(PROVIDED INFORMATION Opens)

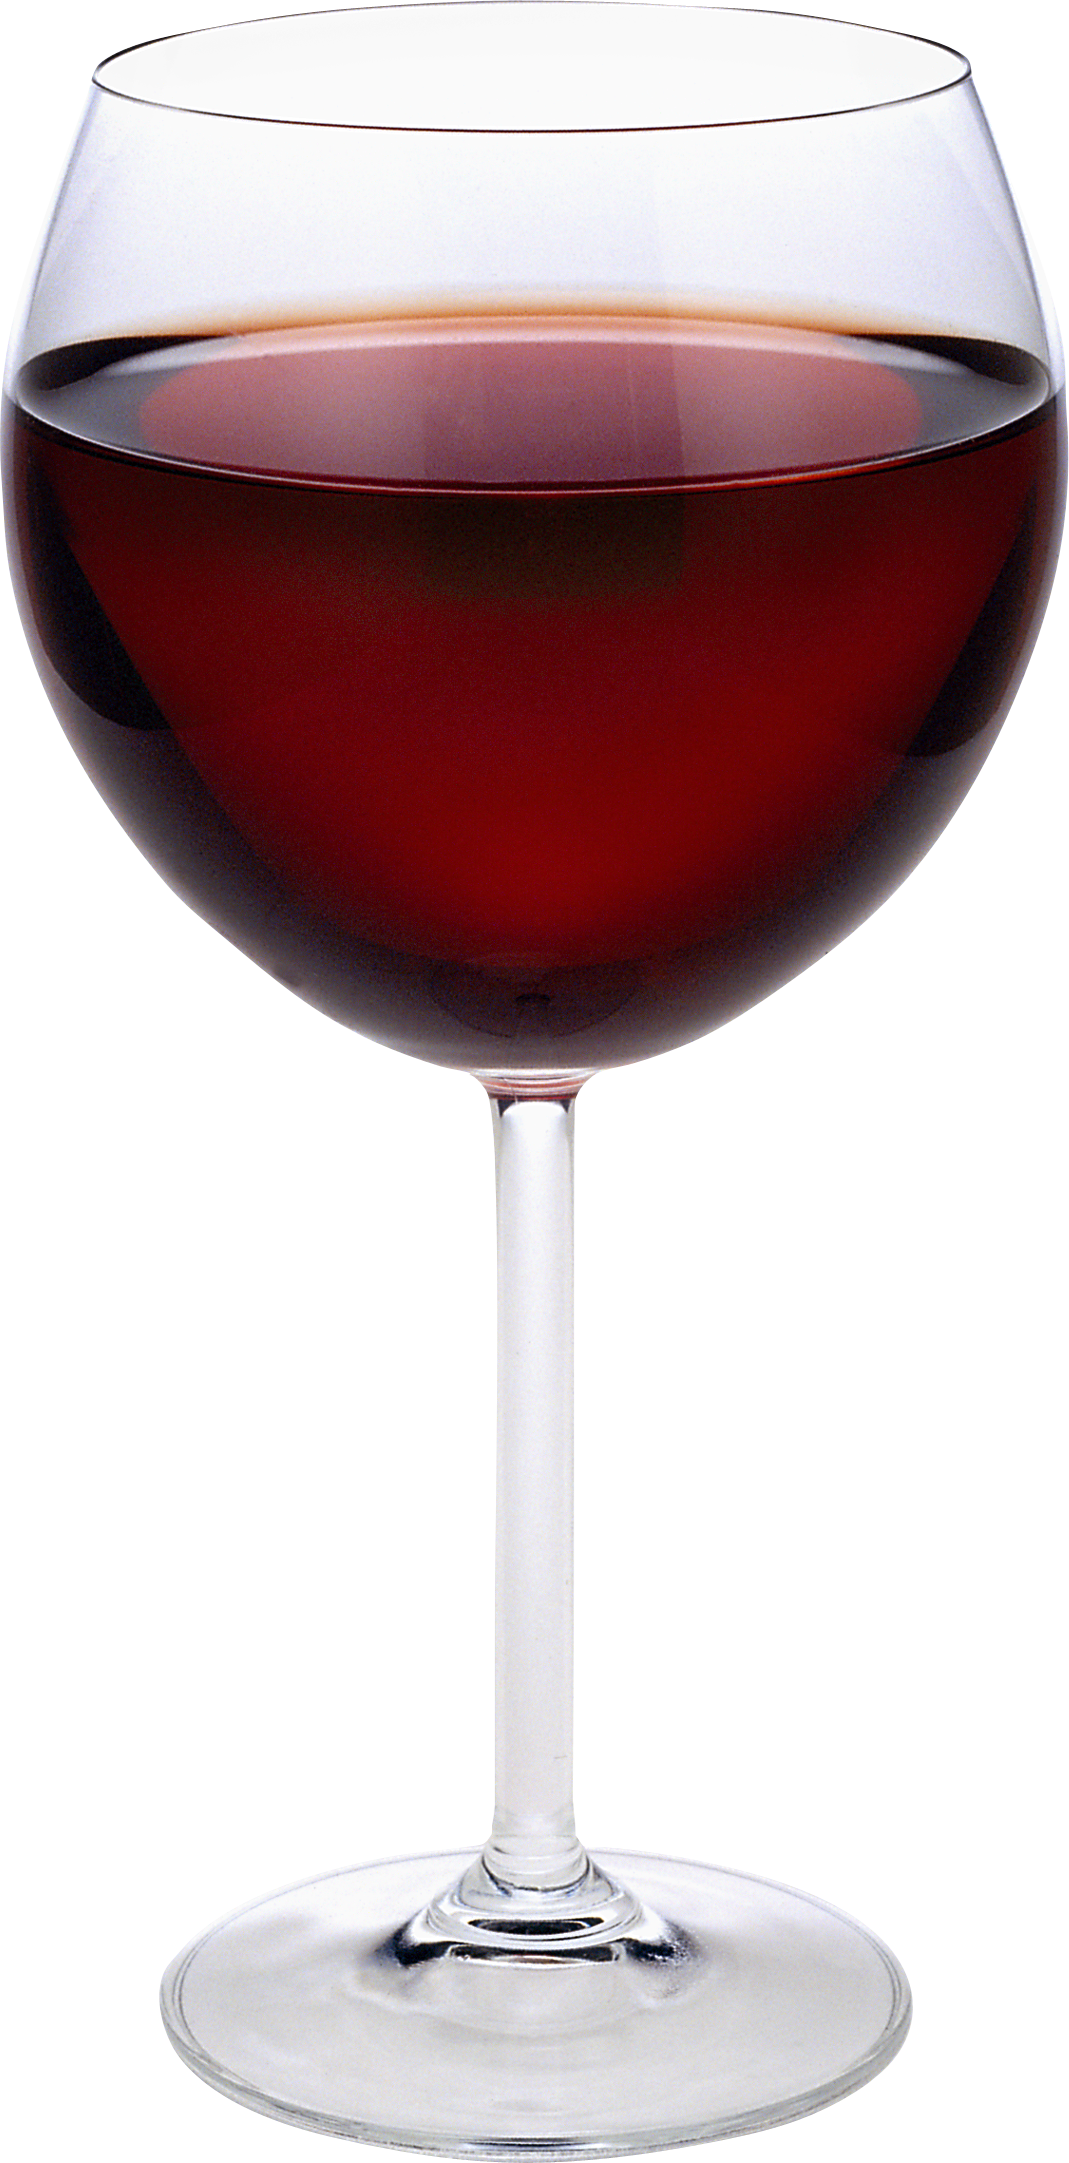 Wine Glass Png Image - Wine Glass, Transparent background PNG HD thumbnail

(PROVIDED INFORMATION Closes)
(PROVIDED INFORMATION Opens)

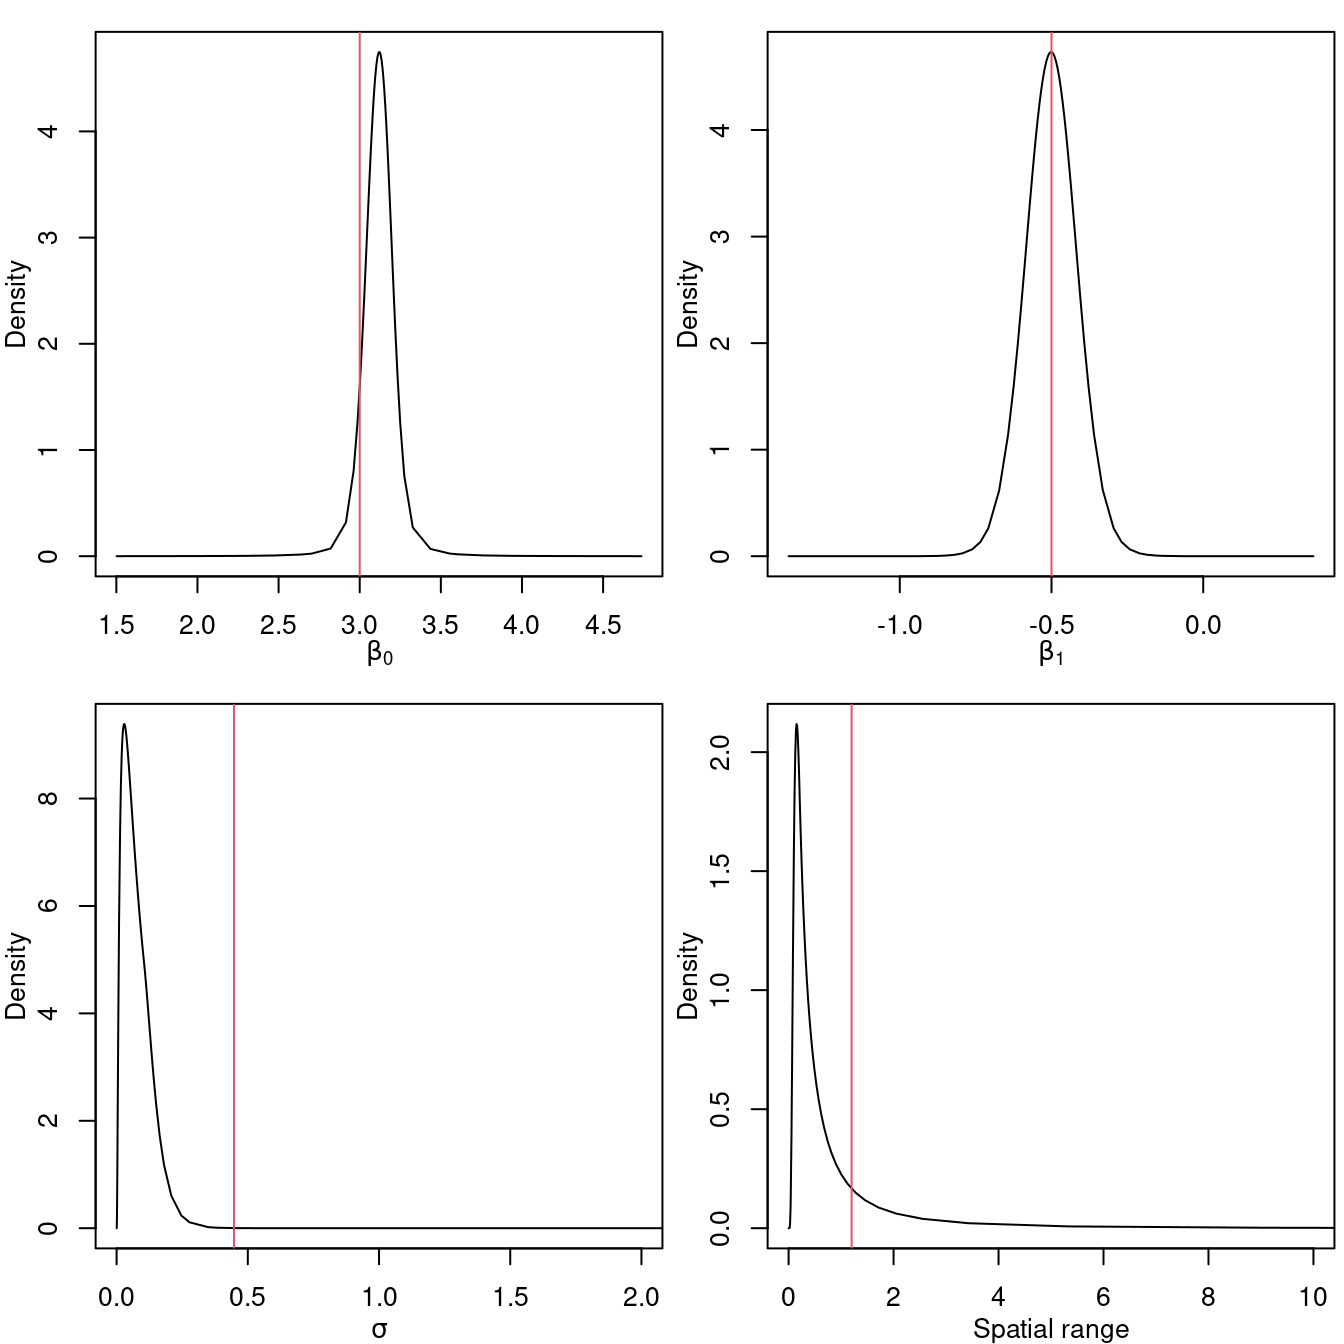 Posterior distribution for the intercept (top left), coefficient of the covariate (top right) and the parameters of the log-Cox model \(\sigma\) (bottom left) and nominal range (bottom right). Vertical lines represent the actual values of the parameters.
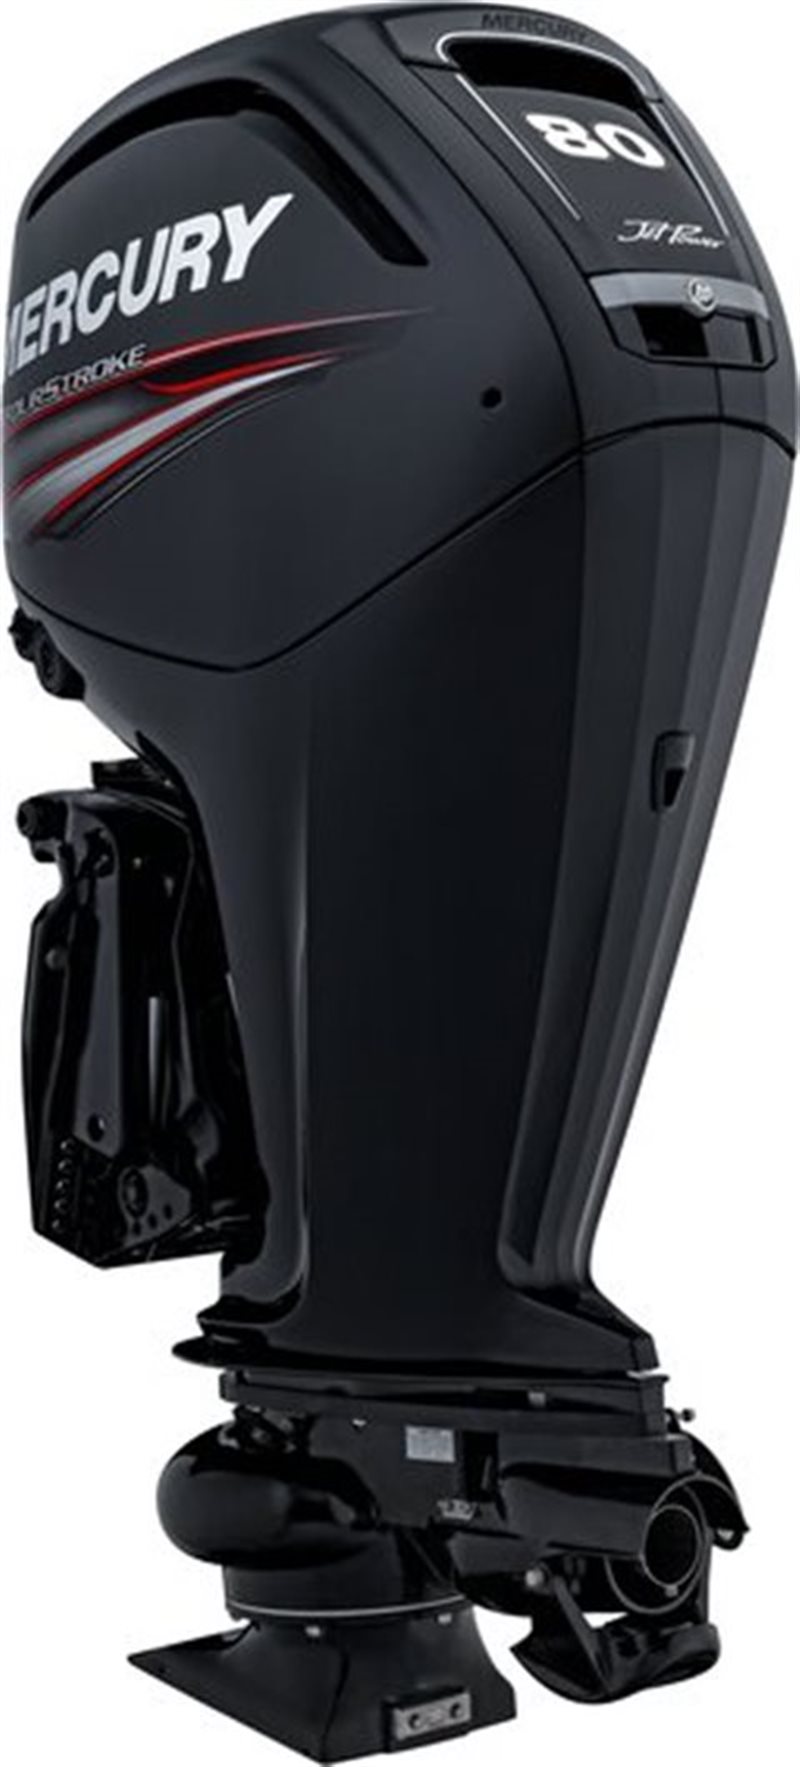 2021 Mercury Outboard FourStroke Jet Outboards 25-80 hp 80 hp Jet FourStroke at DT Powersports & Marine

(PROVIDED INFORMATION Closes)

WHAT YOU SHOULD DO: What you return must match, character for character, the lines above from the one with "Posterior distribution for" through the one with "2021 Mercury Outboard", minus any pictures.

ANSWER SPACE:
 Posterior distribution for the intercept (top left), coefficient of the covariate (top right) and the parameters of the log-Cox model \(\sigma\) (bottom left) and nominal range (bottom right). Vertical lines represent the actual values of the parameters.
 2021 Mercury Outboard FourStroke Jet Outboards 25-80 hp 80 hp Jet FourStroke at DT Powersports & Marine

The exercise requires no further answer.